Почему-то все были уверены, что он спит… Как-то так, вероятно по художественным произведениям, у всех составилось такое представление, будто приговоренные к смерти в последнюю ночь крепко спят… А кой черт тут заснет, когда я сам перед этим плохо спал и все в холодном поту просыпался…

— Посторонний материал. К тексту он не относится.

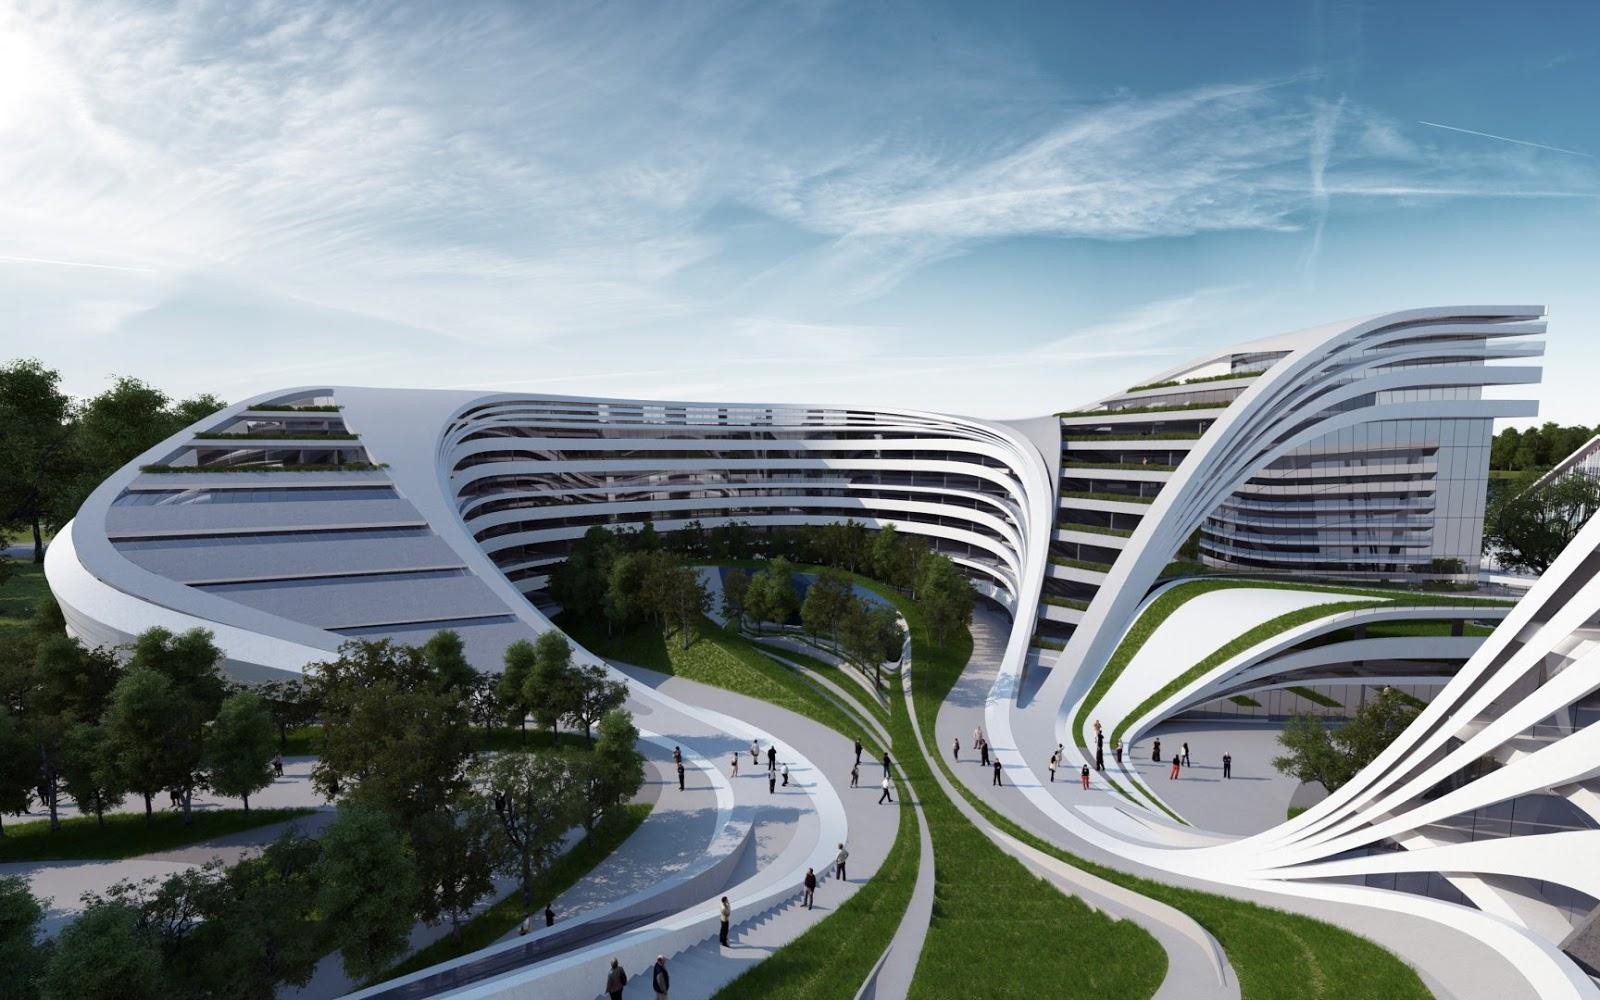 Thiết kế công trình công cộng
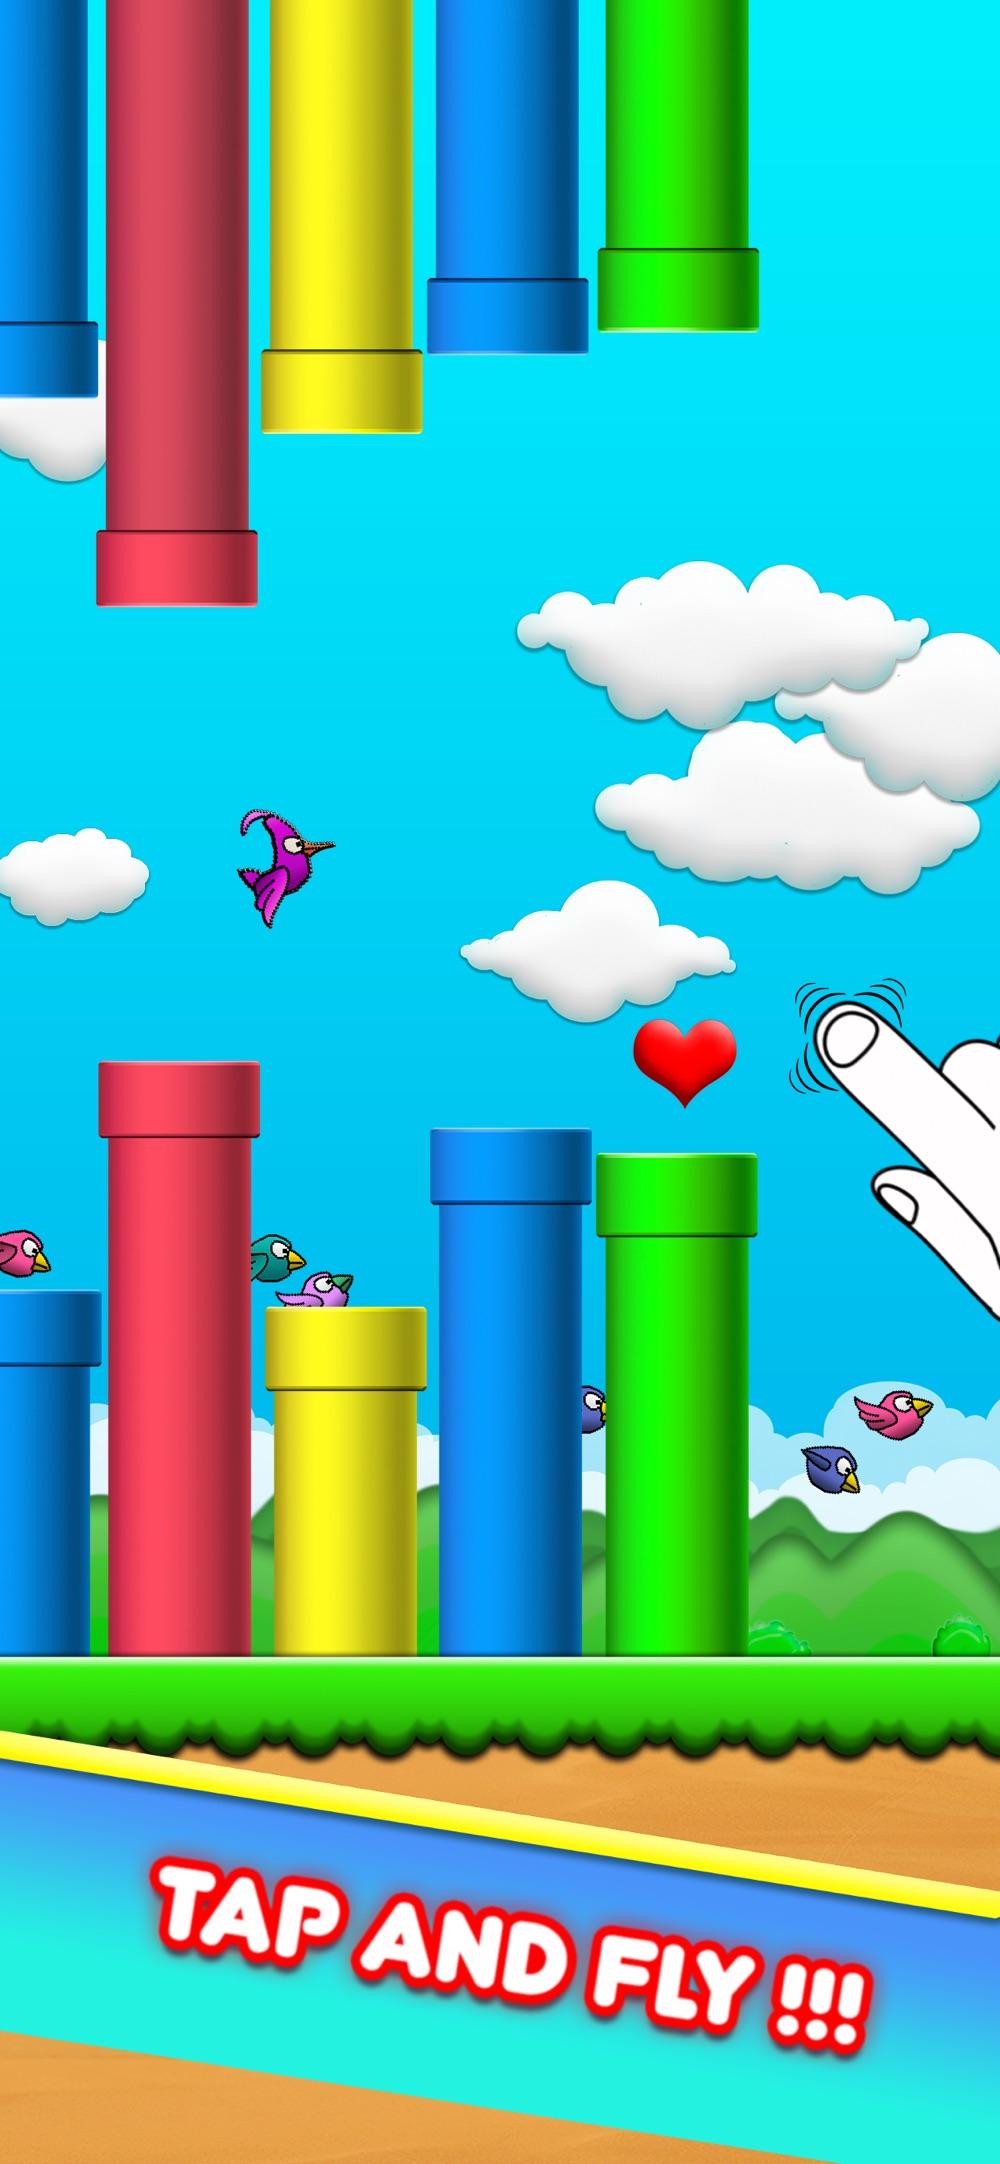 Game of Fun Birds - Cool Run hack tool

Никто, конечно, не знал, что и как следует делать, и оттого произошло много бестолковщины… Все ходили как потерянные и томились в предсмертной жизни… Сам смотритель тюрьмы больше всех и растерялся. Он даже велел зачем-то, чтобы в тот коридор никто не входил, и стоял там только один часовой солдат Пензенского полка… как сейчас помню… От всех тяжелых впечатлений этого ожидания я запомнил только, что смотритель все время то выходил, то входил и со вздохами, точно старая баба, на часы смотрел… Часы были серебряные… Да, помню, как провели на двор палача. Знаете, я представлял себе палача как угодно, но только не таким, каким оказался этот… Вообразите себе совершенно опереточную фигуру, в черном домино и черных перчатках, в какой-то нелепой маске, из прорезов которой смотрят непонятные красные глаза, а из-под которой видна куцая серая бороденка… Говорили потом, будто это был какой-то учитель гимназии, но это, конечно, вздор… А прошел он свободно и легко, даже поклонился, и всем стало страшно, чтобы руки не подал… А ведь мог подать!.. Почему нет? Он будет веревку мылить и петлю затягивать, а мы сделали все, что могли, лишь бы ему в этом никто не помешал, и человек от петли и мыла не ушел.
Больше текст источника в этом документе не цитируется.